As far back as the 1970s and 1980s, farm bills spent on average 78 percent more than their projected levels. The 1990 farm bill underestimated farm spending between 1990 and 1996 by 33 percent. Despite this pattern of underestimations, however, Congress naively accepted the projection that the 1996 farm bill would cost $47 billion between 1996 and 2002. Once again, assumptions regarding the future of the economy and government spending proved false. Between 1998 and 2000, crop prices dipped, automatically triggering increased farm subsidy payments, and Congress then added $27 billion in "emergency" payments to farmers. The farm bill that Congress believed would cost $47 billion ultimately cost $123 billion.
Repeating the Pattern
Current farm bill cost estimates are no more realistic than those of 1996 or before. The CBO has already added over $6 billion to its estimate of the Senate bill's cost, and several agriculture economists have predicted that expenditures will rise even further. Both the Senate and House bills are based on economic projections that leave no room for the economy to go in recession, as it did in 2001, or for crop prices to decrease, as they did in 1998.
With or without a recession or decrease in crop prices, however, the current farm bill's cost projections are unrealistic. Senate drafters used budget gimmicks to try to squeeze an extra $8 billion ($6 billion in expanded conservation payments and $2 billion in additional dairy subsidies) into a bill that was supposed to have the same total cost as the House version.

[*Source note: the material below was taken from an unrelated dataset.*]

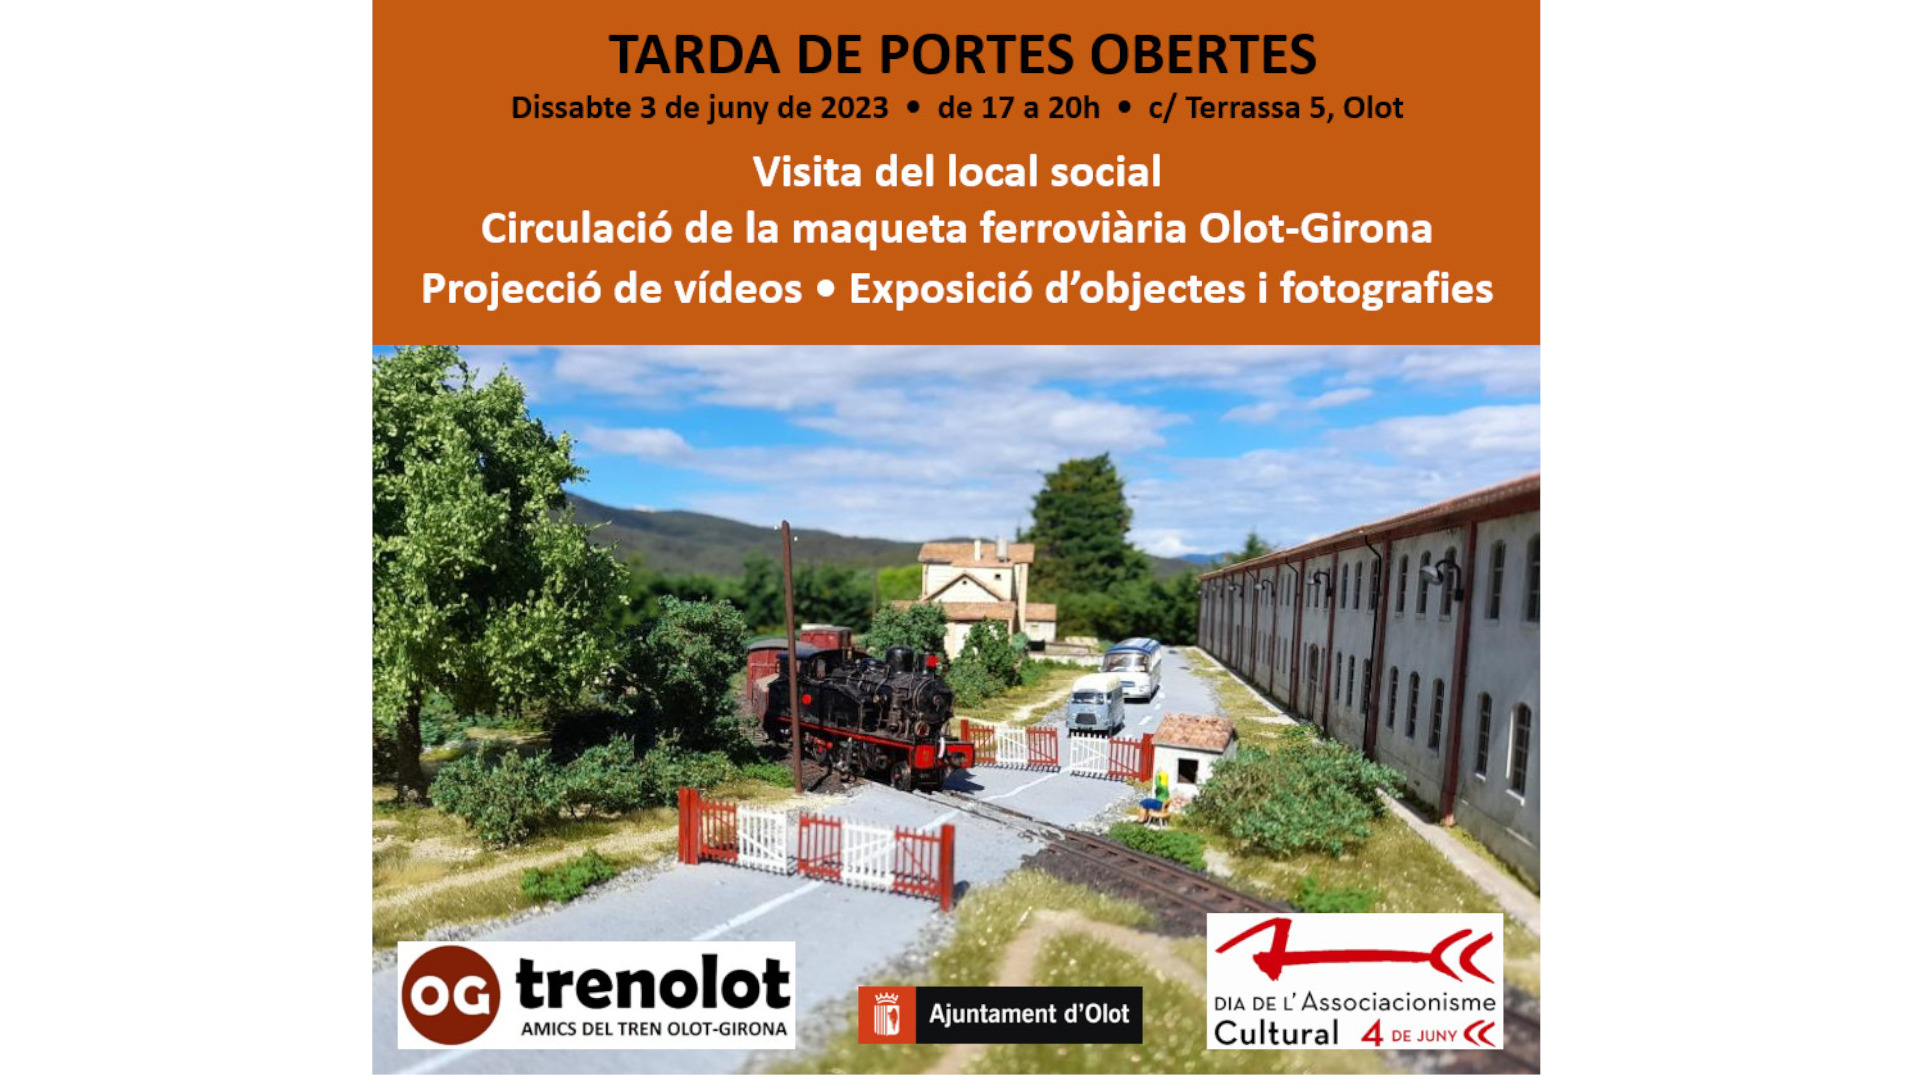 Tarda de portes obertes al local social dels Amics del Tren Olot-Girona

One of these gimmicks was "front-loading" payments--paying the highest subsidies in the first few years of the bill and assuming that any subsidy decreases in later years would be made up by Congress with "emergency" payments.
Conclusion
The recent $6 billion increase may be no more than a down payment on what will certainly become the most expensive farm bill in U.S. history. Despite the very expensive initial cost estimate of $171 billion, the real cost could ultimately be closer to $271 billion, or even $371 billion. With entitlement spending already out of control, the nation cannot afford to buy a farm bill without looking carefully at its price tag.
Brian M. Riedl is Grover M. Hermann Fellow in Federal Budgetary Affairs in the Thomas A. Roe Institute for Economic Policy Studies at The Heritage Foundation.